Faber Pocket Guide to Wagner, by Michael Tanner

Why I read it: Although I didn't have the sitting capacity to sit through the 16 hours of opera in 4 days that an entire Ring Cycle would demand, I did manage to see Die Walkure in Amsterdam this month and thought I should have at least some idea of what I was watching.

Podcasts: There are many on Wagner, mostly focusing on whether his racism led to Nazism, but none on this book specifically.

Brow: People think that opera is intimidatingly high-brow because it's mostly in a foreign language, but actually the plots are quite simple, and frankly goofy, and that, in combination with the costumes, set and the fact that a character will often take 25 minutes to die on stage, makes it more kitsch than high art. Nonetheless, as long as it retains its reputation as being an expensive, difficult art form reserved for the moneyed set, it will remain in its rarefied brow ranking.

Summary: The book starts with a short biography of Wagner, a notoriously difficult man, then analyses his operas, then finally deals with his antisemitism and whether it led to the Holocaust.

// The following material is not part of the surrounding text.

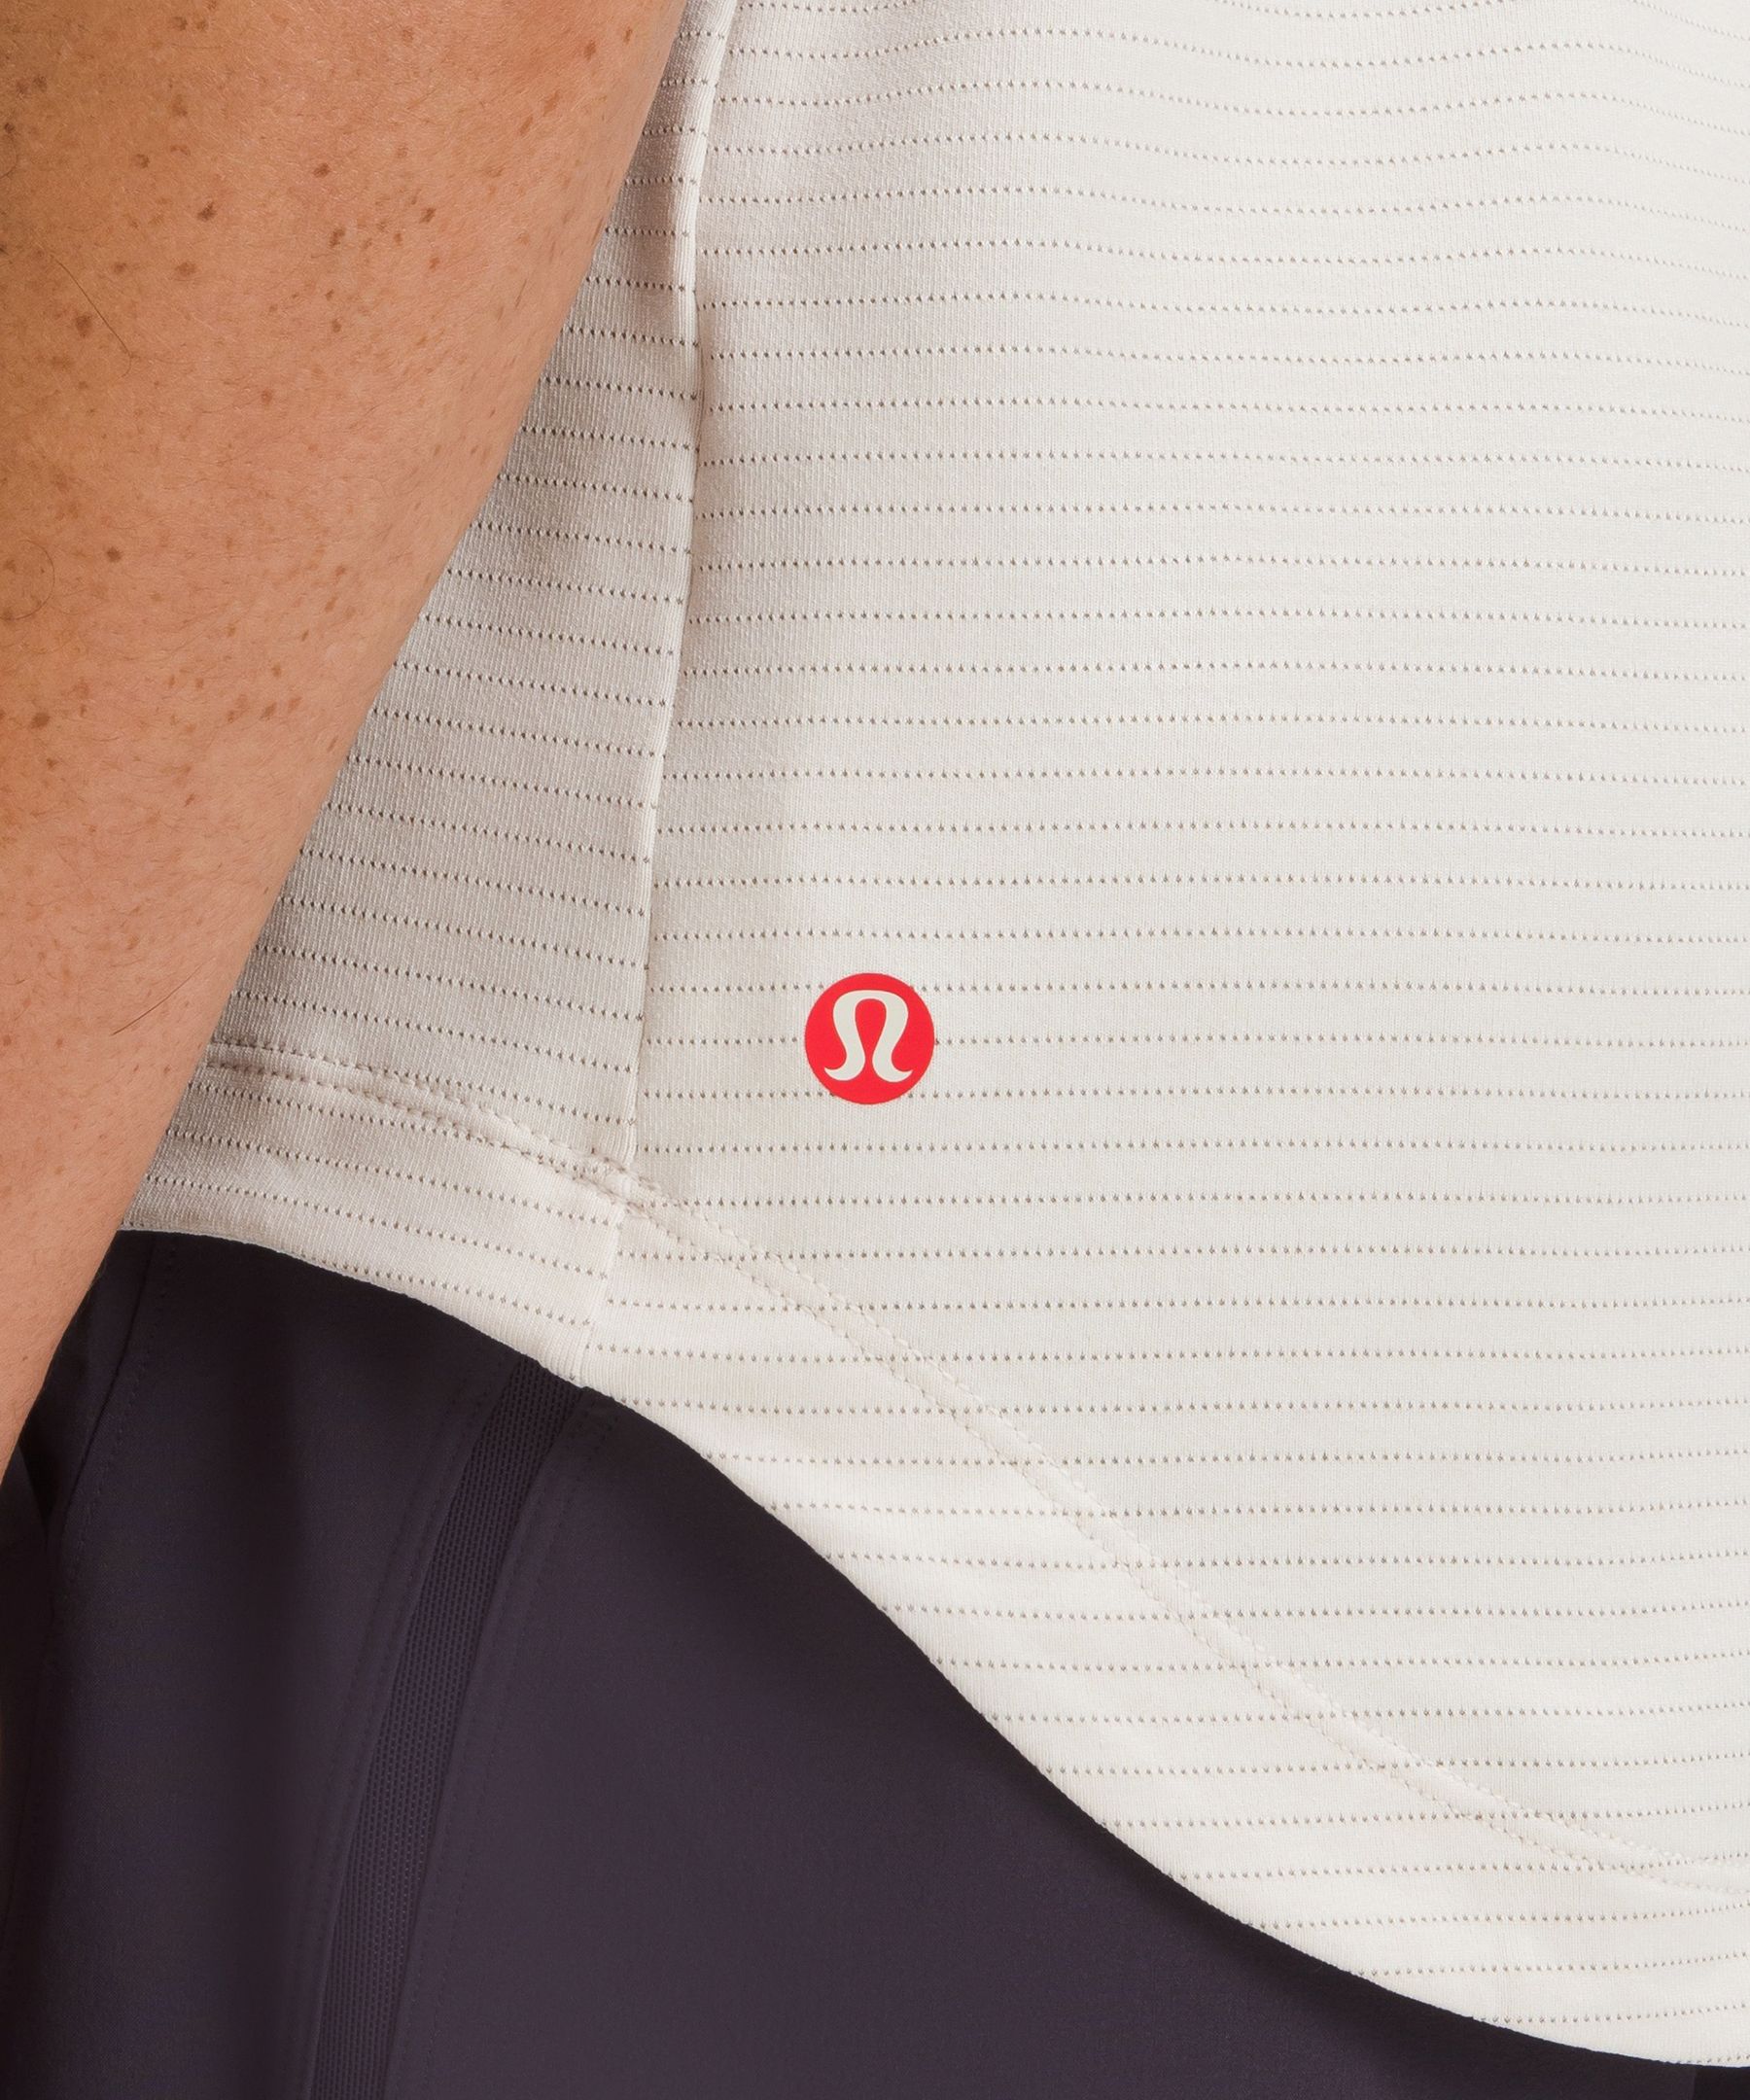 Team Canada License to Train Short-Sleeve Shirt *COC Logo | Men's Short Sleeve Shirts & Tee's

But should you read it? It's the Wagner 200 year, and so you can expect to see a lot of advertisements for his operas, especially since, racism or no, it's the one way opera houses can guarantee they will sell out for at least a few nights. If those adverts do arouse your curiosity, by all means buy this book so you'll have some idea of what you're watching and the fevered, brilliant, temperamental (he hated France nearly as much as he hated Jews, for not liking his operas) mind it sprang from.